▸ WHAT YOU HAVE TO DO: Every line from the one holding "Pulverbeschichtung 21 M" through the one holding "Chernivtsi - Railway" in the data below must be returned exactly, both ends included, with pictures left out and nothing else added.

───── DATA LISTING

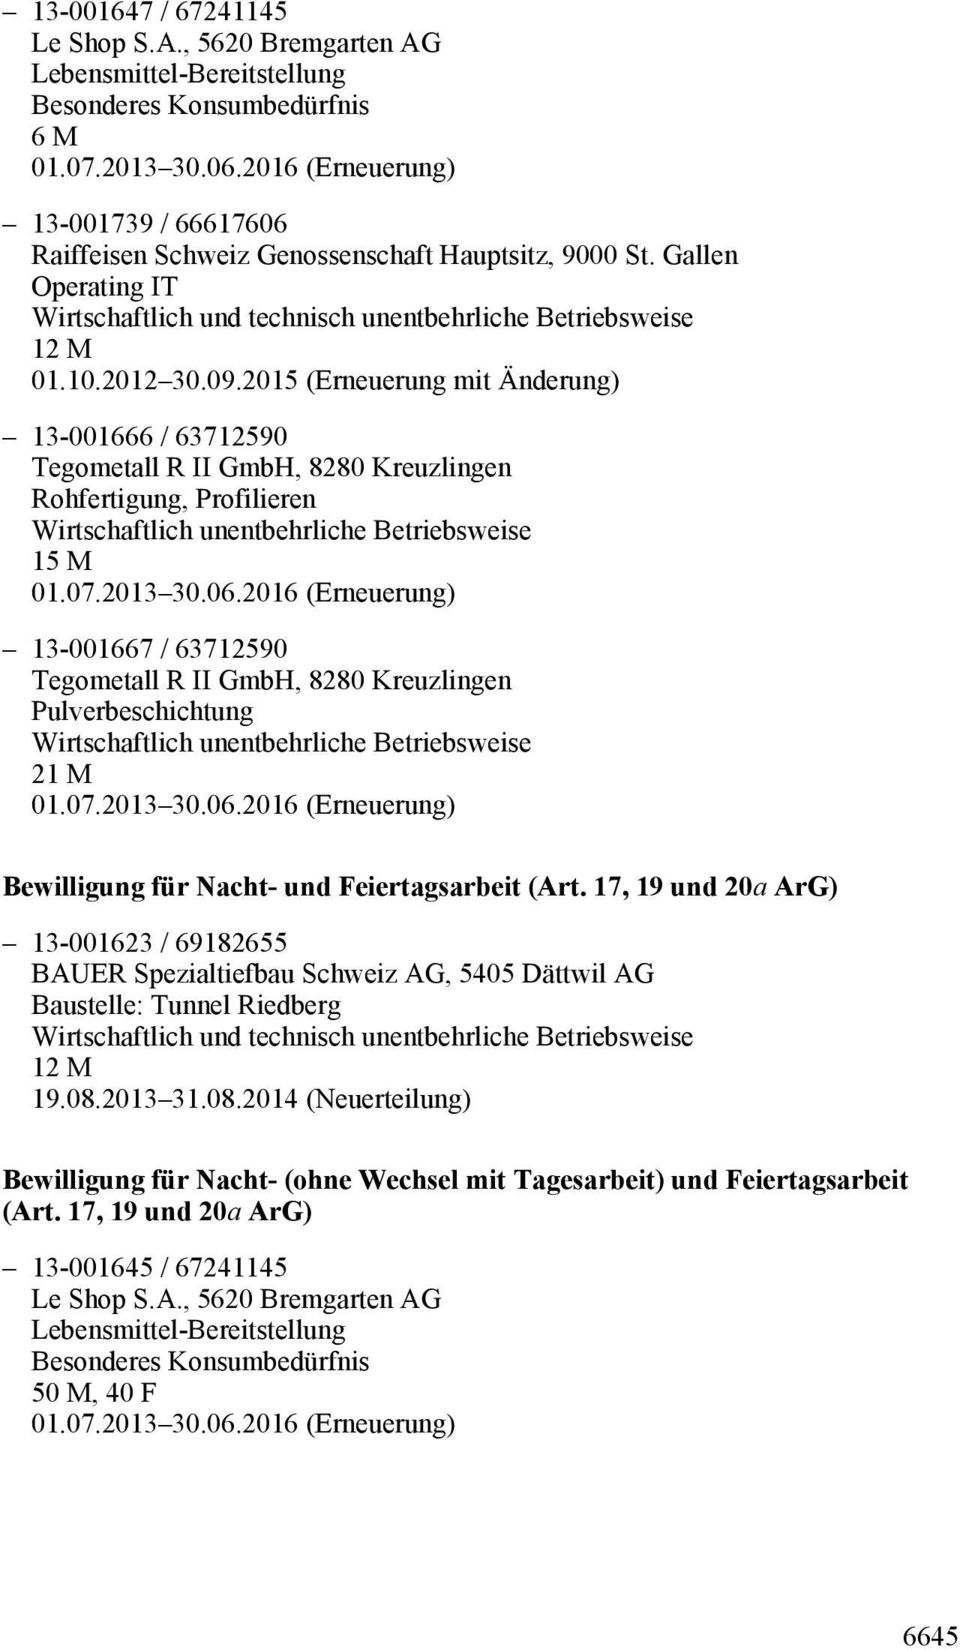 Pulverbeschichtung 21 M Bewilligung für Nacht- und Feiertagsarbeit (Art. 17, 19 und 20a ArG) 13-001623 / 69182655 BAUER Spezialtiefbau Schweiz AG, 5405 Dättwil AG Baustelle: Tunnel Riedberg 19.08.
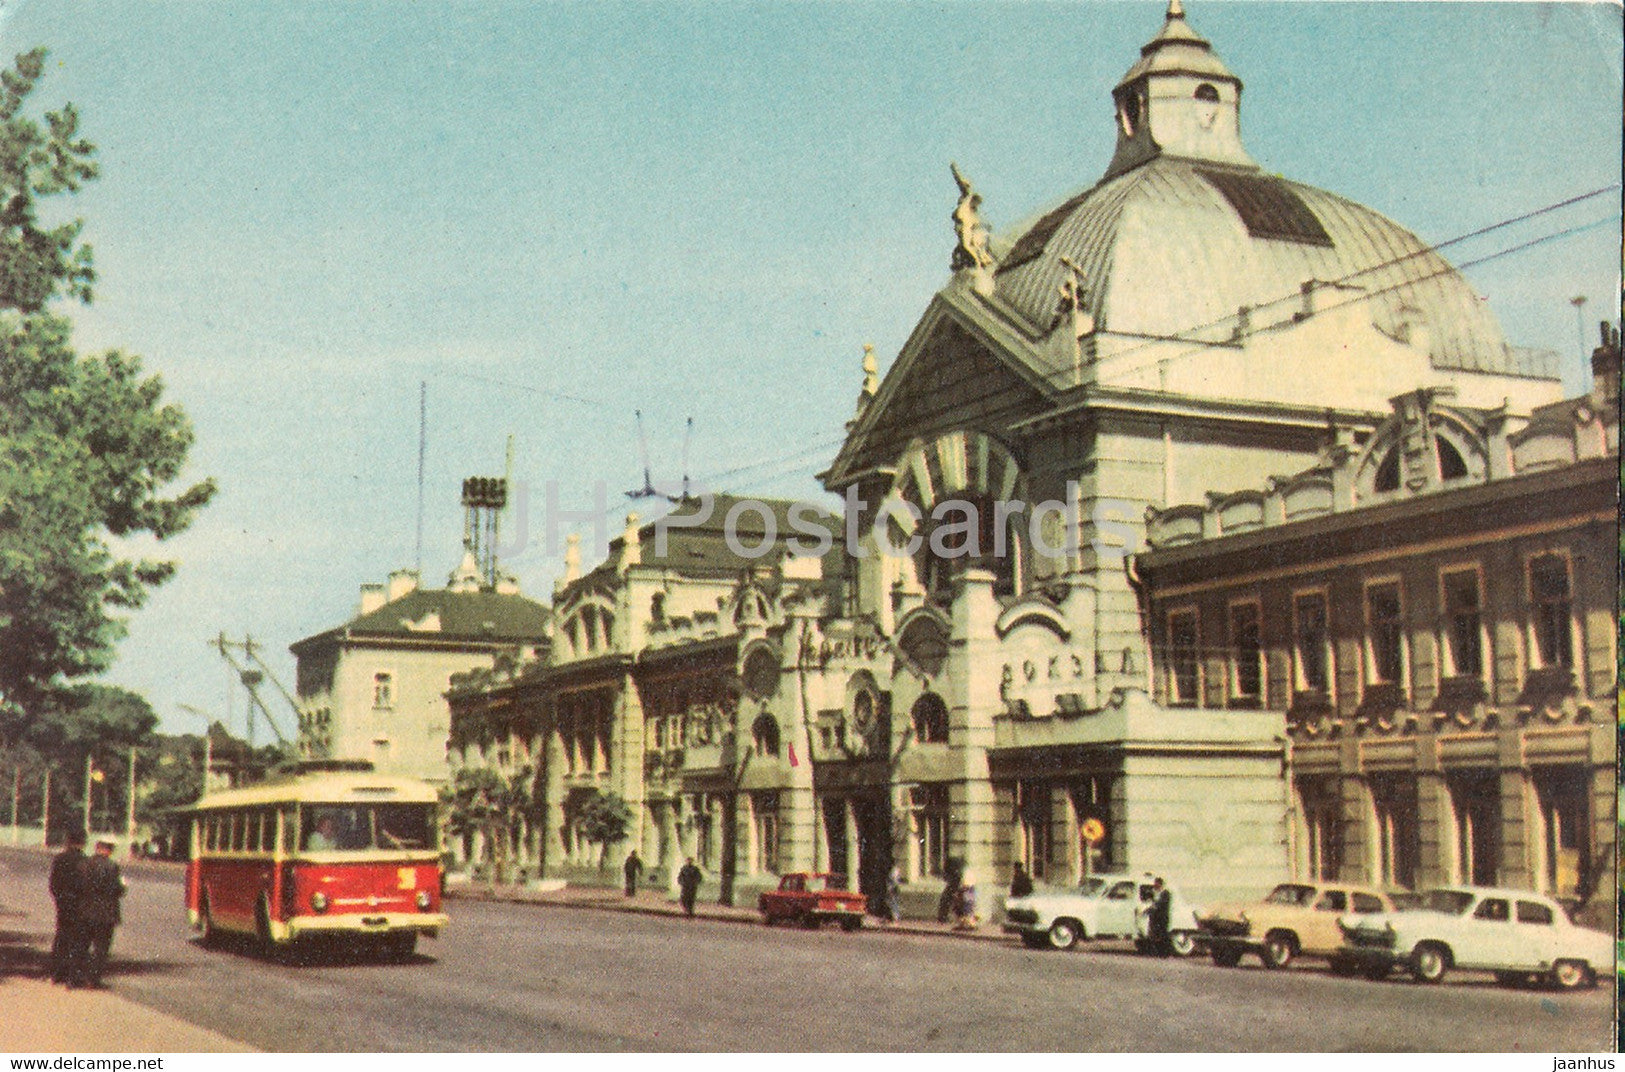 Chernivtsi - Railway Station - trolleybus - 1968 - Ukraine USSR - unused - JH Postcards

──────────
───── DATA LISTING

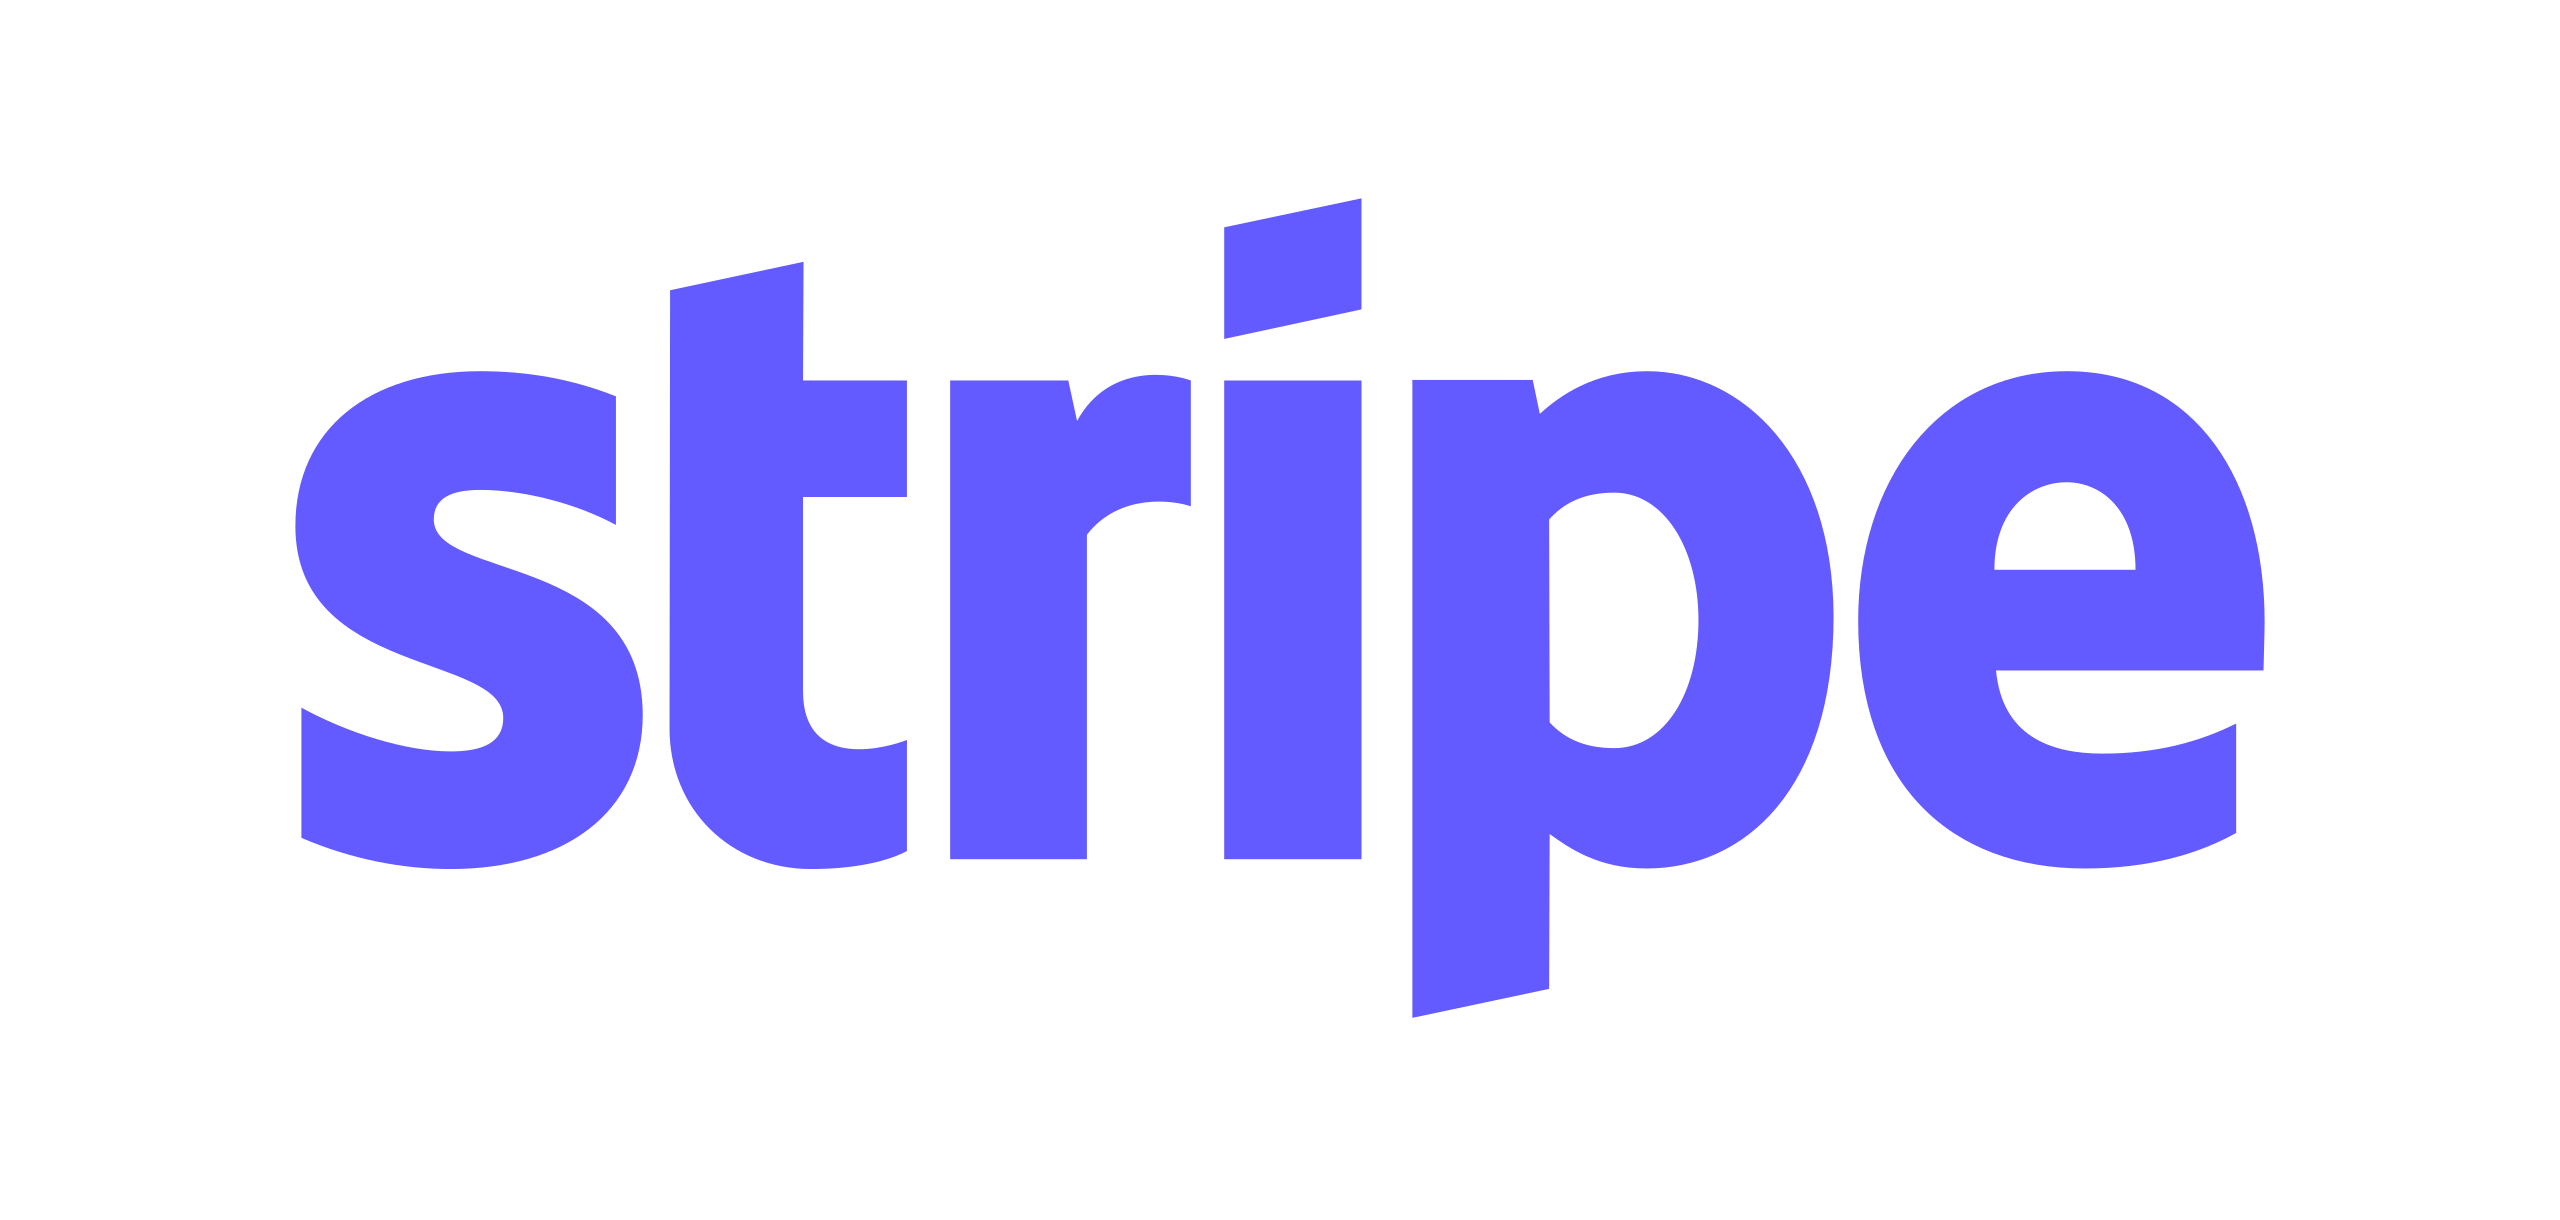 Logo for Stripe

──────────

▸ RESULT OF THE TASK:
 Pulverbeschichtung 21 M Bewilligung für Nacht- und Feiertagsarbeit (Art. 17, 19 und 20a ArG) 13-001623 / 69182655 BAUER Spezialtiefbau Schweiz AG, 5405 Dättwil AG Baustelle: Tunnel Riedberg 19.08.
 Chernivtsi - Railway Station - trolleybus - 1968 - Ukraine USSR - unused - JH Postcards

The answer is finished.